For the material that follows, return exactly the lines from the one with "Campana de cocina" through the one with "Charpente Industrielle Bailleul", both ends included.

### Extracted records
────────────────────
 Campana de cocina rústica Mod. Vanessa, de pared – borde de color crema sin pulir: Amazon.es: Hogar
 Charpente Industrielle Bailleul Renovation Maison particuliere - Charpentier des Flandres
────────────────────
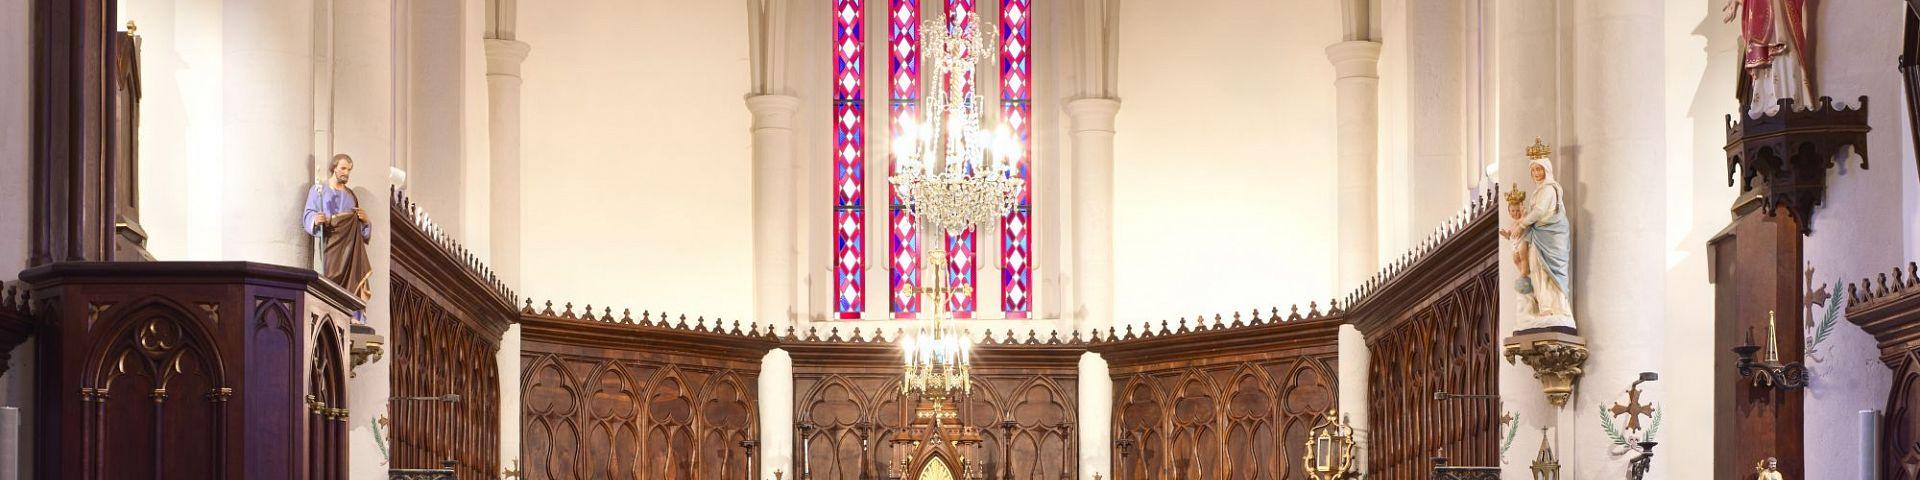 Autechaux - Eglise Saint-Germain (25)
────────────────────
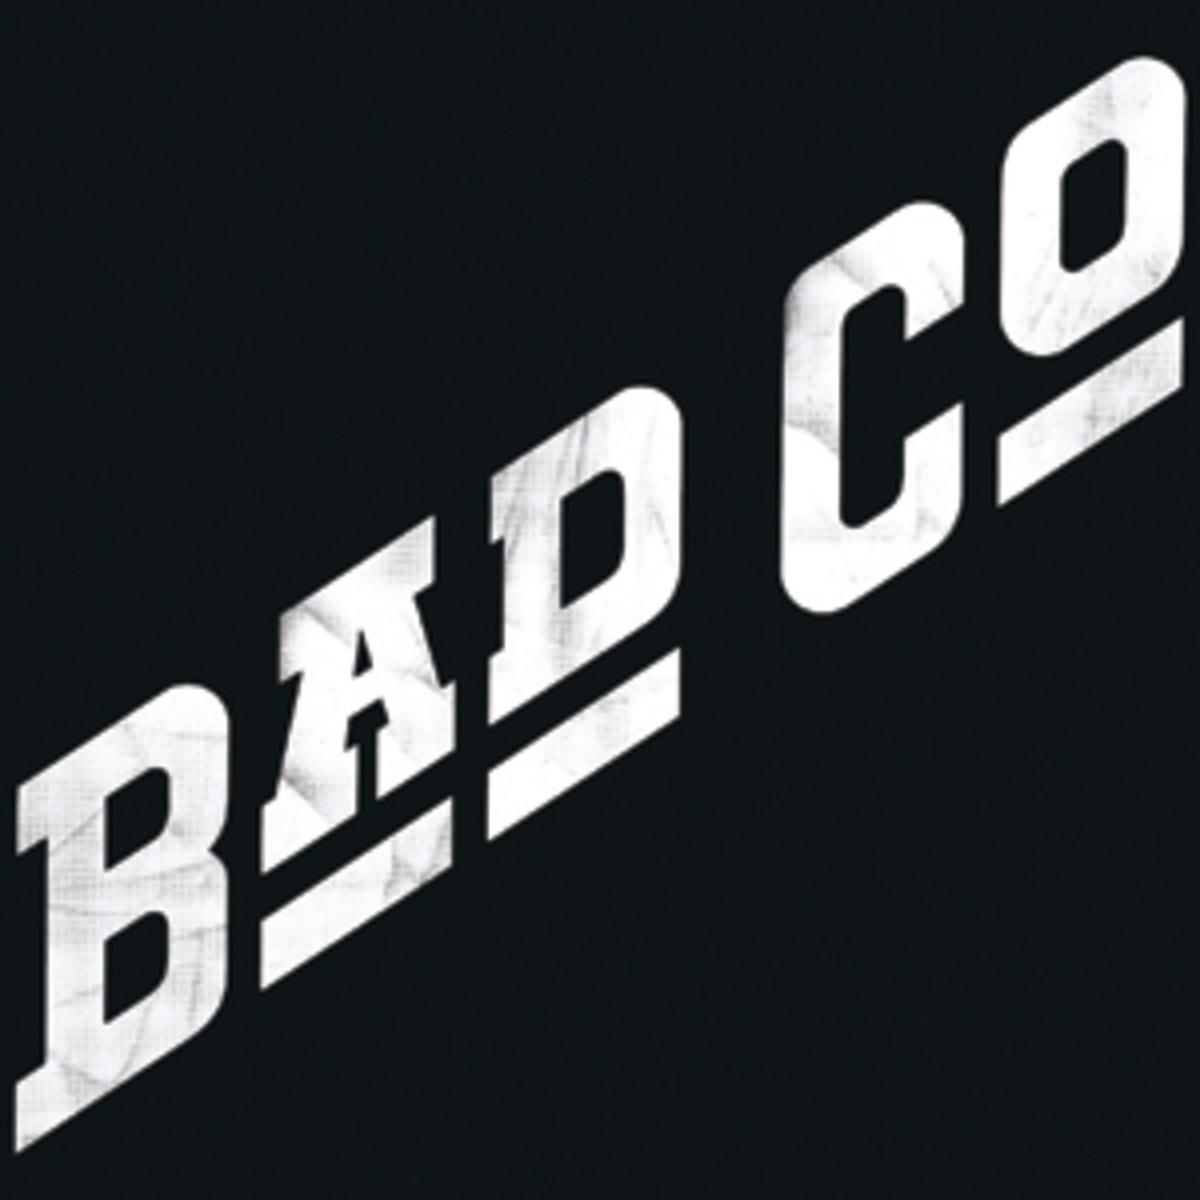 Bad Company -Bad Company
────────────────────
### Solution to this exercise
 Campana de cocina rústica Mod. Vanessa, de pared – borde de color crema sin pulir: Amazon.es: Hogar
 Charpente Industrielle Bailleul Renovation Maison particuliere - Charpentier des Flandres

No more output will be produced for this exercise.